In the entire cohort (n = 257), the diffuse pattern of p16 IHC was observed in 123 (47.9%) patients and the negative/mosaic pattern in 134 (52.1%). Biallelic RB1 inactivation was observed in 14.3% of patients with the diffuse pattern. The diffuse pattern of p16 IHC showed more frequent RB1 alterations and cell cycle progression signatures, a higher Ki-67 labeling index, more frequent chromosome segment copy number changes, a higher frequency of homologous recombination deficiency high, and immune-related signatures. PIK3CA mutations were more frequent in the negative/mosaic pattern. CCND1 amplification was identified in 5 cases, all with the negative/mosaic pattern.
In TNBC, the diffuse p16 pattern shows clinical and genomic similarities to pRB-deficient tumors, suggesting shared characteristics. This suggests that p16 IHC testing may provide new therapeutic approaches, underscoring its potential clinical importance.
三阴性乳腺癌(TNBC)与视网膜母细胞瘤通路改变有关。由于视网膜母细胞瘤蛋白(pRB)缺失,磷酸化pRB介导的对p16表达的负反馈丧失,导致p16发生代偿性上调。本研究旨在探讨与TNBC中p16免疫组化(IHC)弥漫性模式相关的临床病理和基因组特征。

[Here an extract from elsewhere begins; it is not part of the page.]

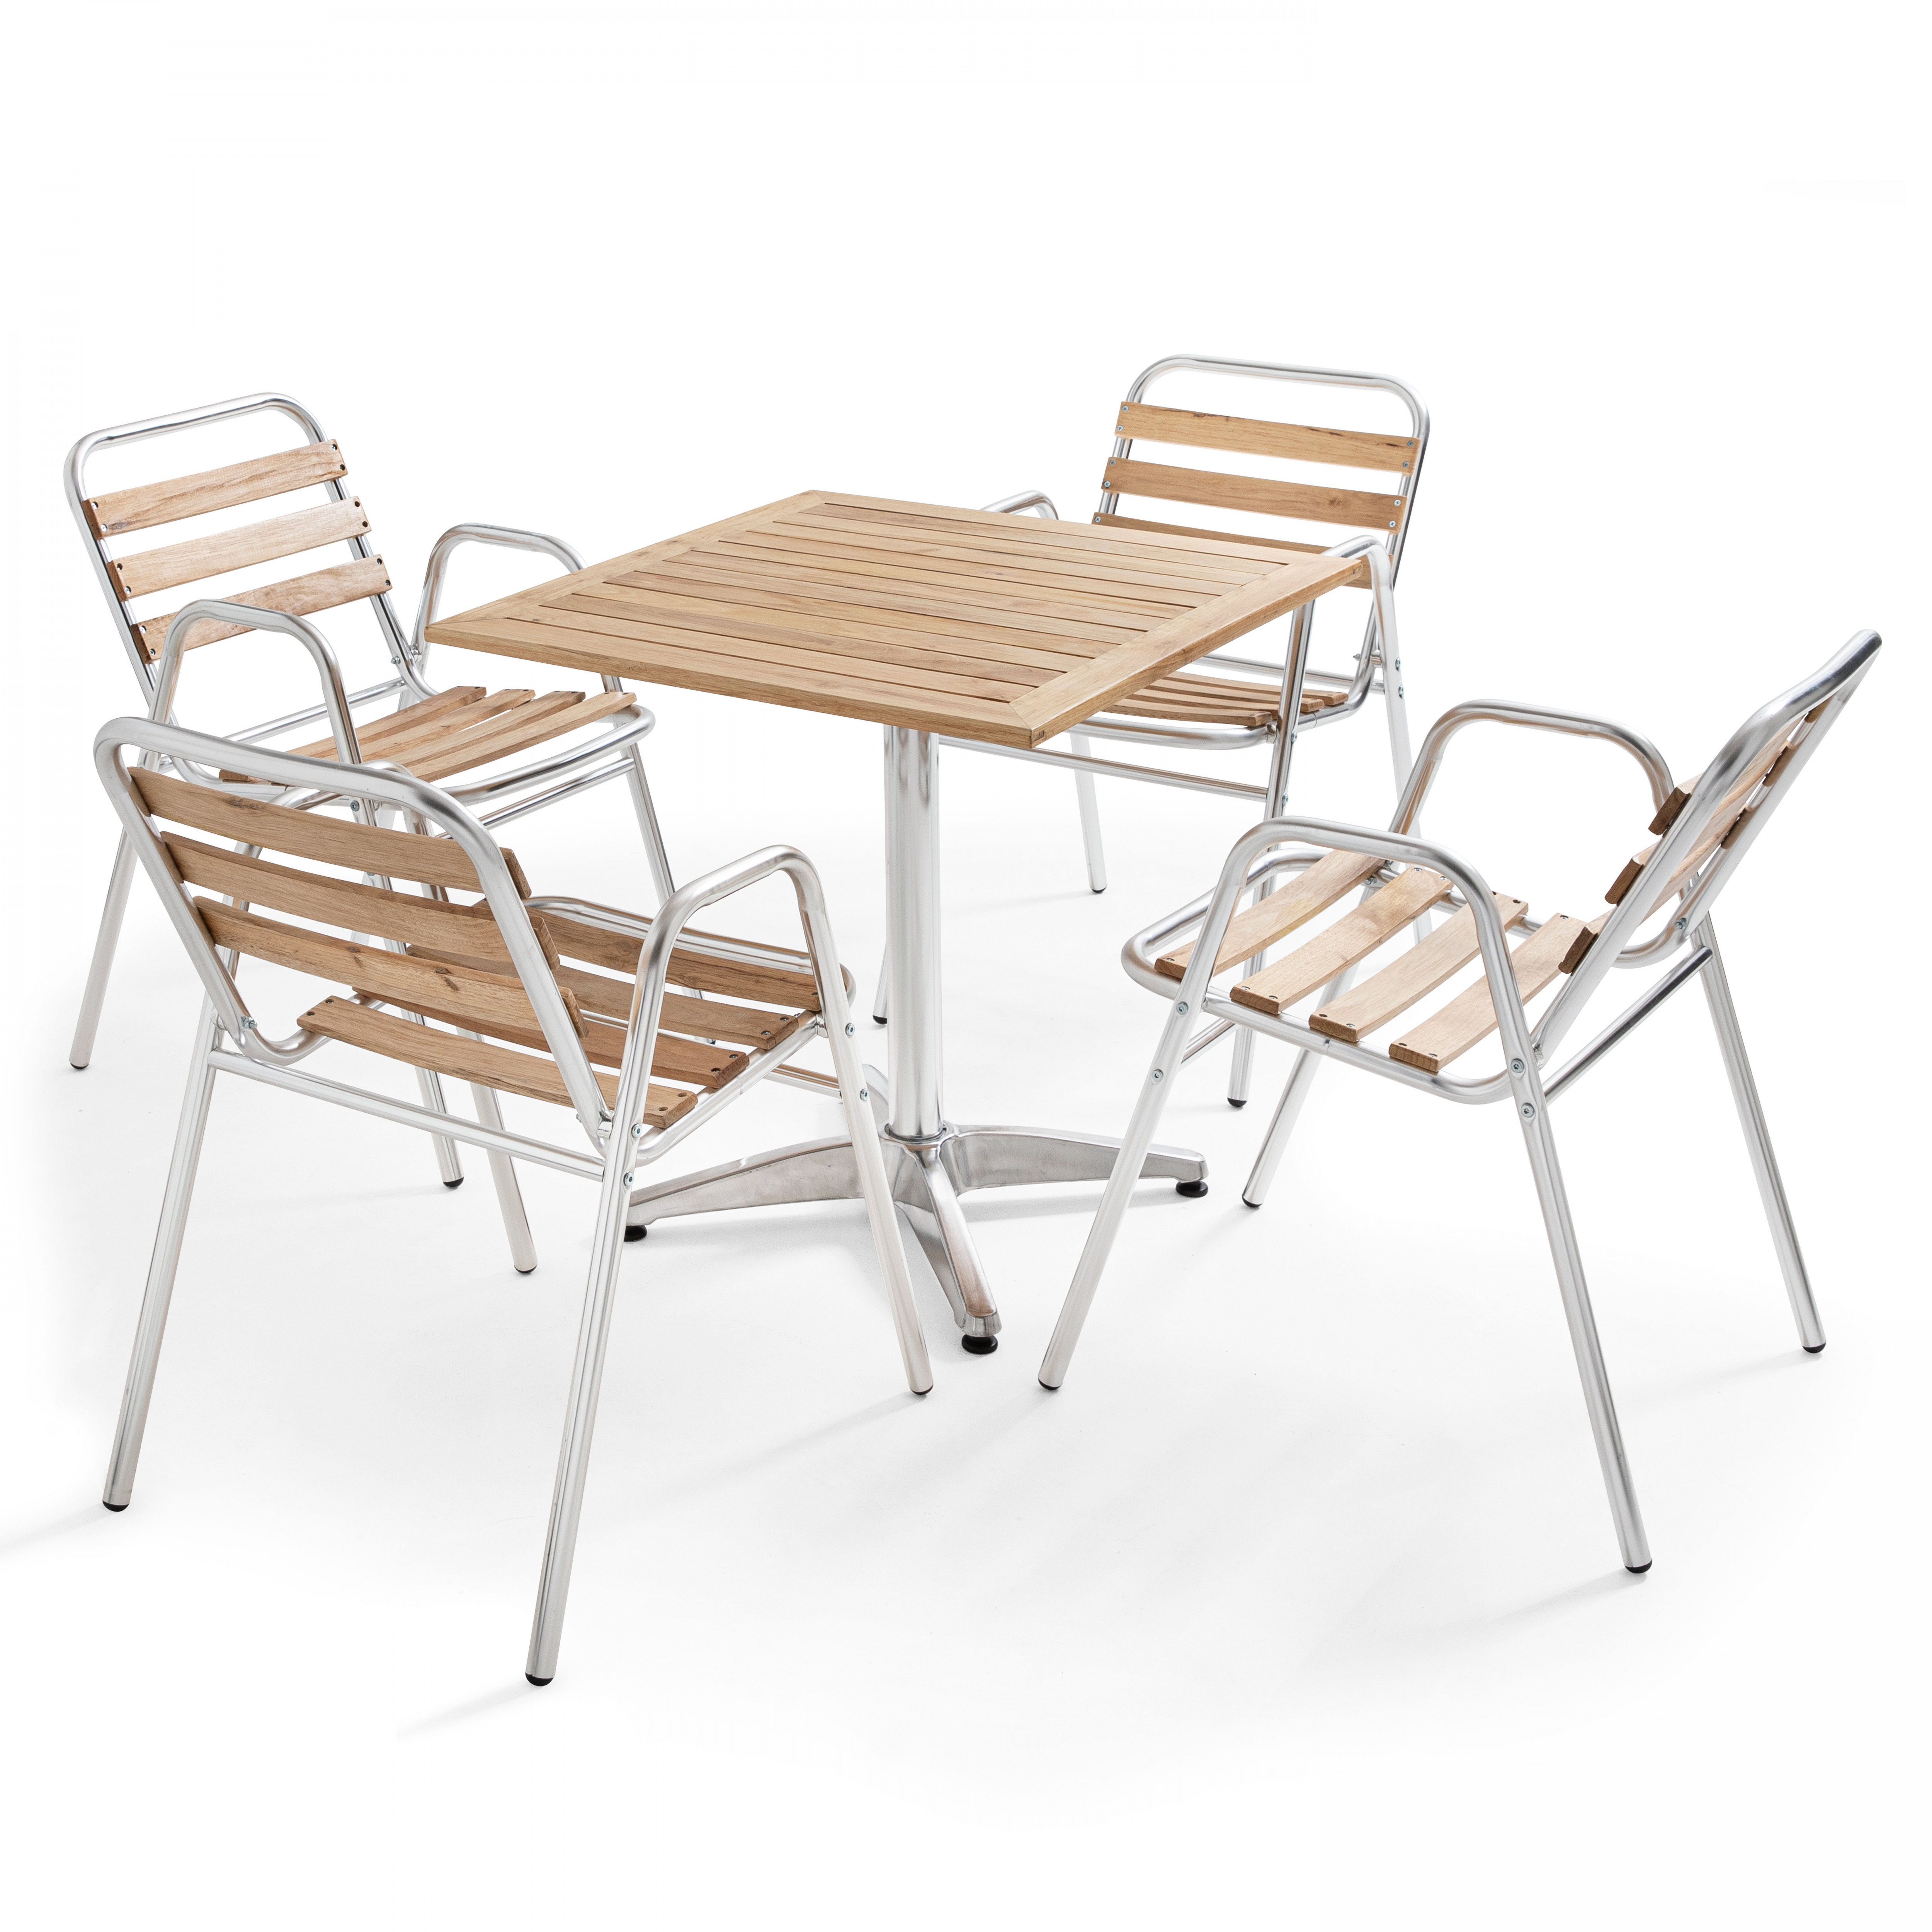 Ensemble terrasse, table carrée et 4 chaises avec accoudoirs en bois et aluminium
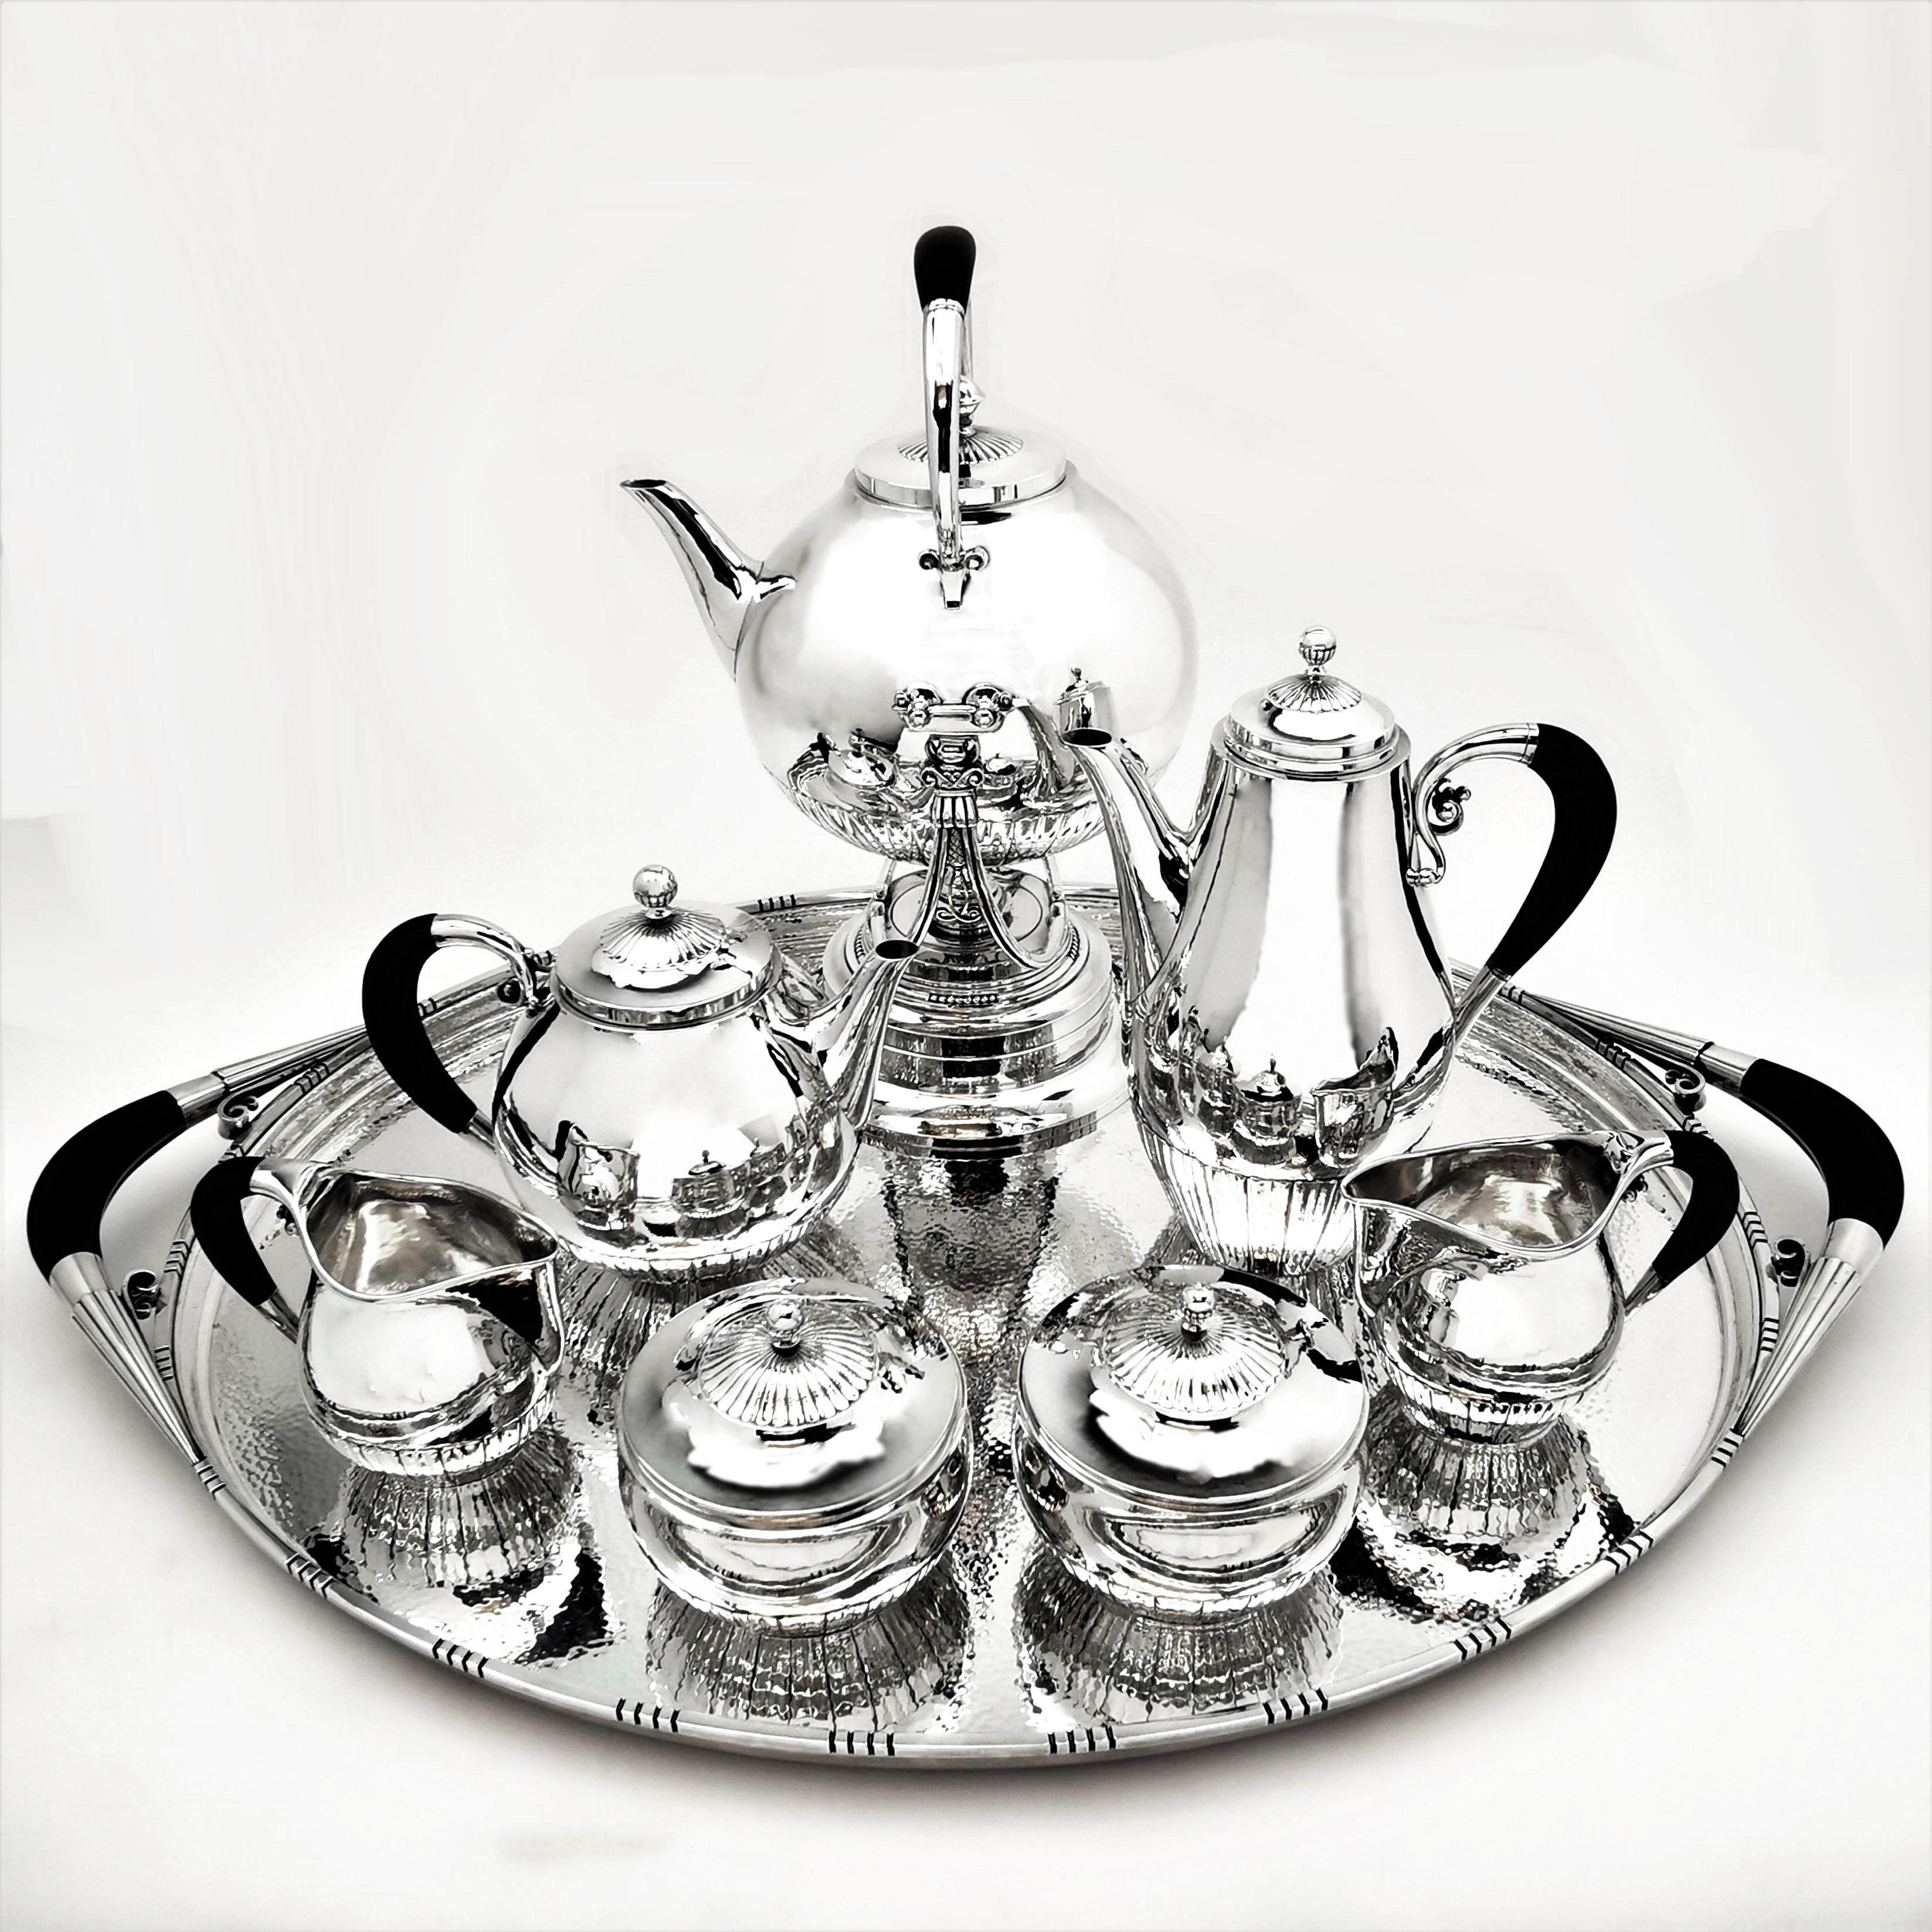 Ein prächtiges dänisches 8-teiliges Tee- und Kaffeeset von Georg Jensen mit dem Cosmos-Muster. Das Set besteht aus einem Wasserkocher auf Ständer, einer Kaffeekanne, einer Teekanne, zwei Milch-/Sahnekännchen und zwei Zuckerdosen mit Deckel auf einem

本研究分析了113例手术切除的TNBC进行全外显子测序,以及144例进行cDNA微阵列分析。p16 IHC结果分为两种模式:弥漫性和阴性/镶嵌性。
在整个队列(n = 257)中,123例(47.9%)患者观察到p16 IHC弥漫性模式,134例(52.1%)为阴性/镶嵌性模式。14.3%弥漫性模式患者观察到双等位基因RB1失活。p16 IHC弥漫性模式显示出更频繁的RB1改变和细胞周期进展特征、更高的Ki-67标记指数、更频繁的染色体片段拷贝数变化、更高频率的同源重组缺陷以及免疫相关特征。PIK3CA突变在阴性/镶嵌性模式中更常见。5例检测到CCND1扩增,均为阴性/镶嵌性模式。
在TNBC中,弥漫性p16模式与pRB缺陷型肿瘤具有临床和基因组相似性,提示存在共同特征。这表明p16 IHC检测可能提供新的治疗方法,突出了其潜在的临床重要性。
三阴性乳腺癌(TNBC)与视网膜母细胞瘤通路改变有关。由于视网膜母细胞瘤蛋白(pRB)缺失,磷酸化pRB介导的对p16表达的负反馈丧失,导致p16发生代偿性上调。本研究旨在探讨与TNBC中p16免疫组化(IHC)弥漫性模式相关的临床病理和基因组特征。
本研究分析了113例手术切除的TNBC进行全外显子测序,以及144例进行cDNA微阵列分析。p16 IHC结果分为两种模式:弥漫性和阴性/镶嵌性。
在整个队列(n = 257)中,123例(47.9%)患者观察到p16 IHC弥漫性模式,134例(52.1%)为阴性/镶嵌性模式。14.3%弥漫性模式患者观察到双等位基因RB1失活。p16 IHC弥漫性模式显示出更频繁的RB1改变和细胞周期进展特征、更高的Ki-67标记指数、更频繁的染色体片段拷贝数变化、更高频率的同源重组缺陷以及免疫相关特征。PIK3CA突变在阴性/镶嵌性模式中更常见。5例检测到CCND1扩增,均为阴性/镶嵌性模式。
在TNBC中,弥漫性p16模式与pRB缺陷型肿瘤具有临床和基因组相似性,提示存在共同特征。这表明p16 IHC检测可能提供新的治疗方法,突出了其潜在的临床重要性。